Surgery was possible in 48 patients, however 2
patients were given general anaesthesia.
The onset of sensory analgesia (mean time in min) at
various dermatome levels is depicted in fig. 1.
The haemodynamic parameters (pulse, NIBP) were
recorded regularly as planned and plotted against
time (min) along X axis fig. 2.
The VAS for pain was plotted against mean time
(in min) from preop time to the first dose of rescue
analgesic among the two groups. Even though the first
dose was given at a VAS of 3 in both the groups, the
time of administration in group N is significantly delayed
as in fig. 3.
The incidence of perioperative complications related to
the block and the total no of patients receiving atropine
and ephedrine in the two groups were comparable. (table 4 & 5)
Discussion
Neostigmine, an anticholinesterase drug, which is used to antagonize non-depolarizing muscle relaxants has been tried for post-operative analgesia as an off-label use. Being a quaternary amine, it does not cross blood-brain-barrier and by intrathecal (IT) route provides analgesia via M1 and M2 receptors in the spinal cord, inhibiting the break down of acetyl choline (ACh).3 ACh induces analgesia by increasing cyclic guanidino-mono phosphate by generating nitric oxide.4 Autoradiographic studies have shown muscarinic binding in substantia gelatinosa and to a lesser extent in lamina 2 and lamina 5 of dorsal gray matter of spinalcord.5 Neostigmine also displays peripheral and suprapinal analgesic activity, however the dose necessary to achieve this seems to be higher.6 However, IT neostigmine also carries dose dependent nausea and vomiting.
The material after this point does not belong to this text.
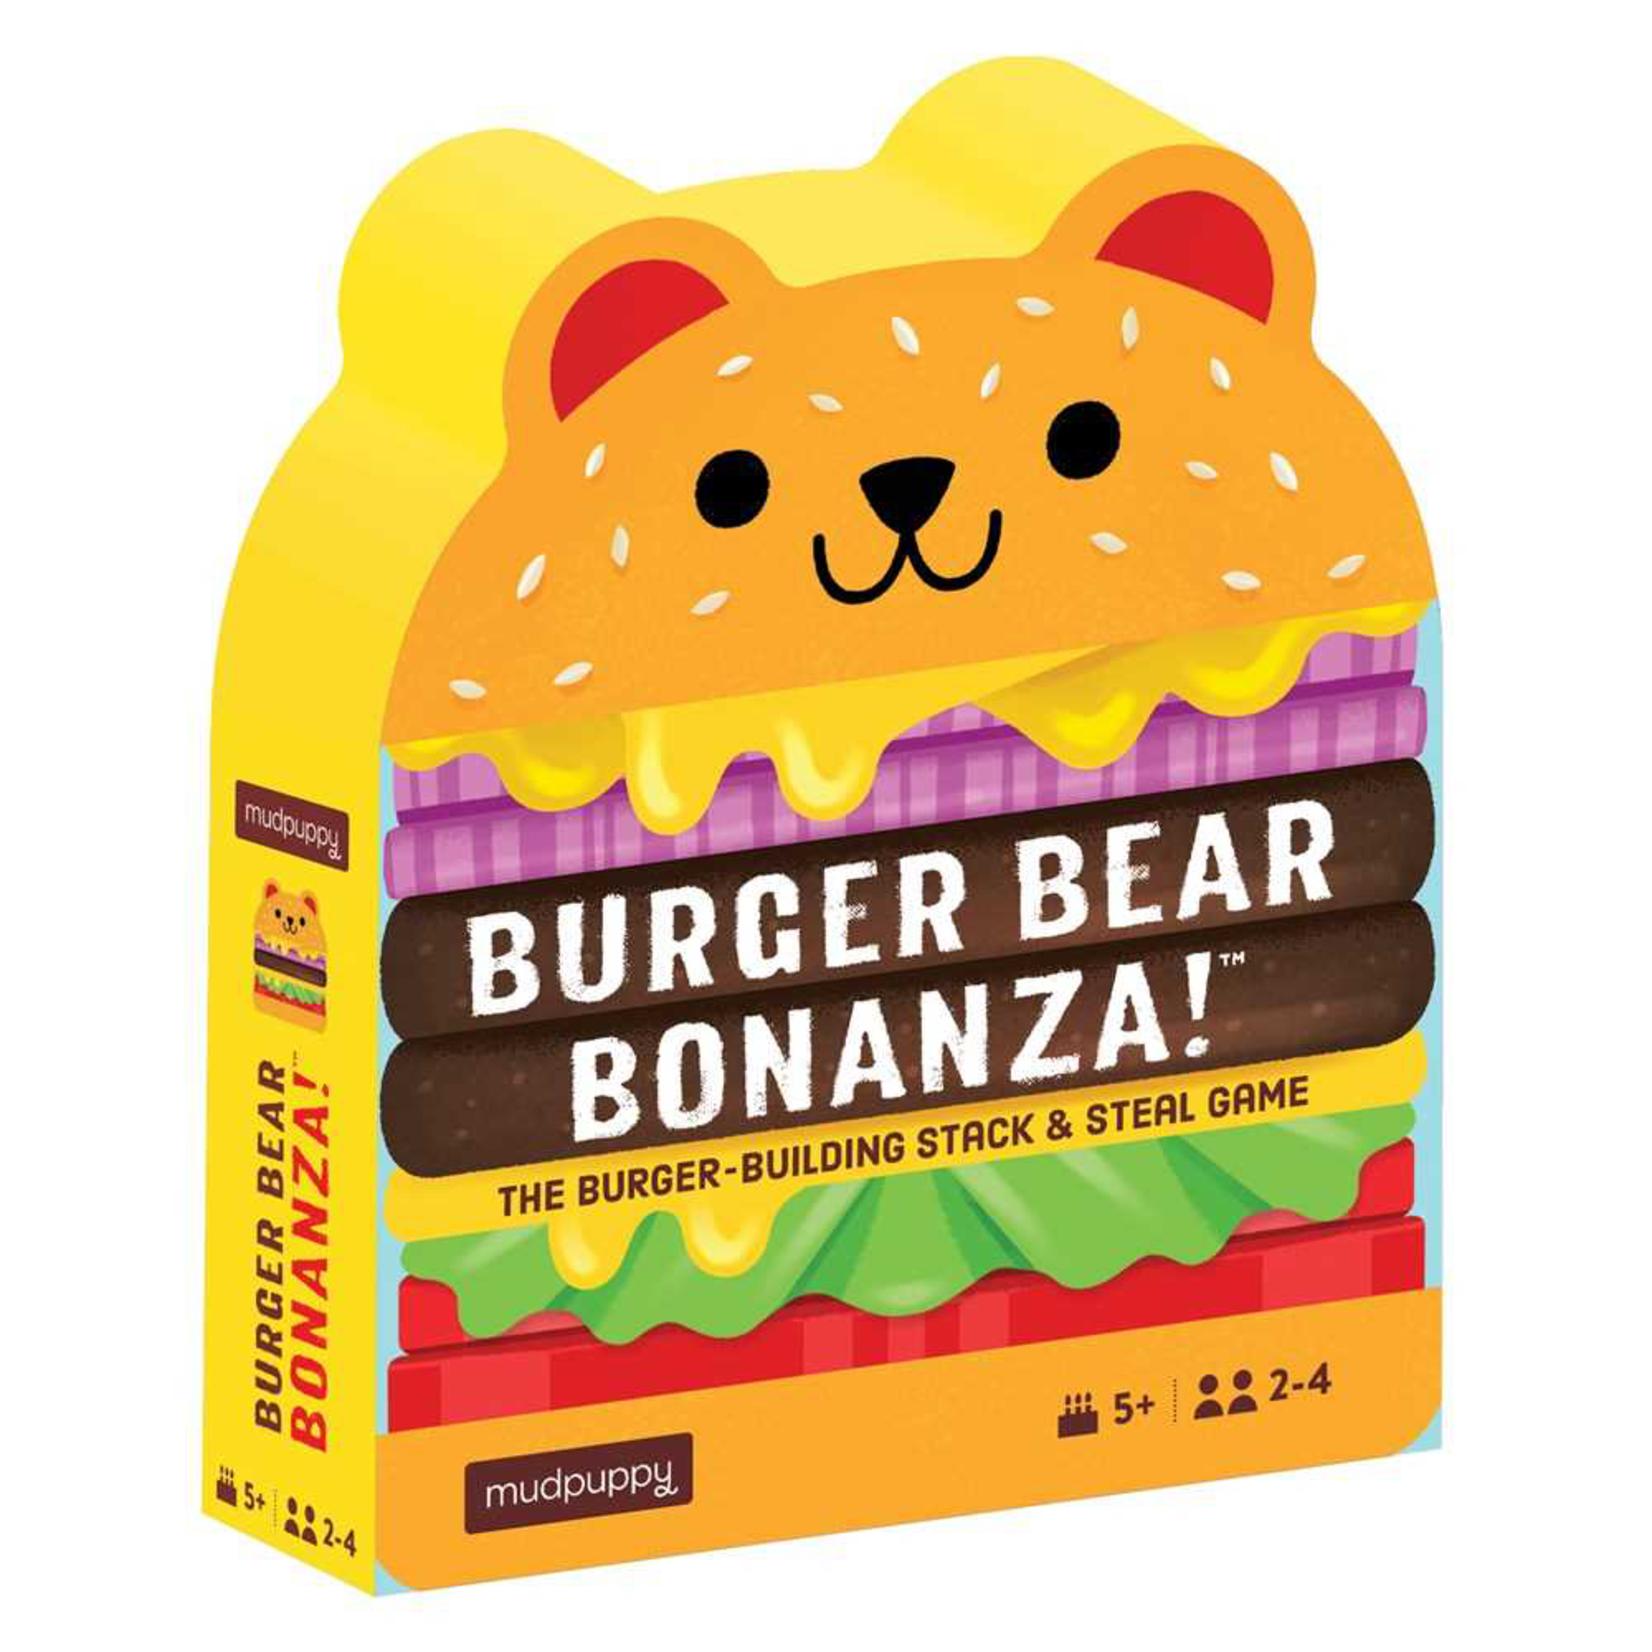 Mudpuppy Burger Bear Bonanza!

Several studies have demonstrated that the use of epidural neostigmine is associated with lesser adverse effects and the proposed mechanism of analgesia is by drug spreading into Cerebro Spinal Fluid (CSF) at the rate of 1/10th the epidural dose.7,8,9
Lauretti et al., have proven that epidural neostigmine in lignocaine produces dose independent analgesia. 9 Chittora et al in their study have concluded that epidural neostigmine with lignocaine at a dose of 100 mg provides prolonged analgesia with lesser adverse effects when compared to 50 mg and 150 mg. So we advocated the use of 100 mg as an optimum dose to be used in our study.10
Nakayama et al., have shown that epidural neostigmine with bupivicaine produces dose dependent analgesia than does bupivicaine alone after total abdominal hysterectomy.11
To our knowledge, this is the first study reported wherein neostigmine is added to mixture of LA utilizing the benefits of compounding, viz
a. Rapidity of onset of lidocaine with longer duration of action of bupivacaine
b. Mixtures of lignocaine and bupivacaine resulted in greater number of myotomes with complete motor block than if used alone.12
c. This mixture widens the safety window between median lethal dose and median convulsive dose with bupivacine and that convulsions from this mixture is less likely to be fatal than if bupivacaine is given alone.13
d. Intense motor blockade of lignocaine is necessary during surgery only but persistence of the same with
bupivacaine in the postoperative period is undesirable.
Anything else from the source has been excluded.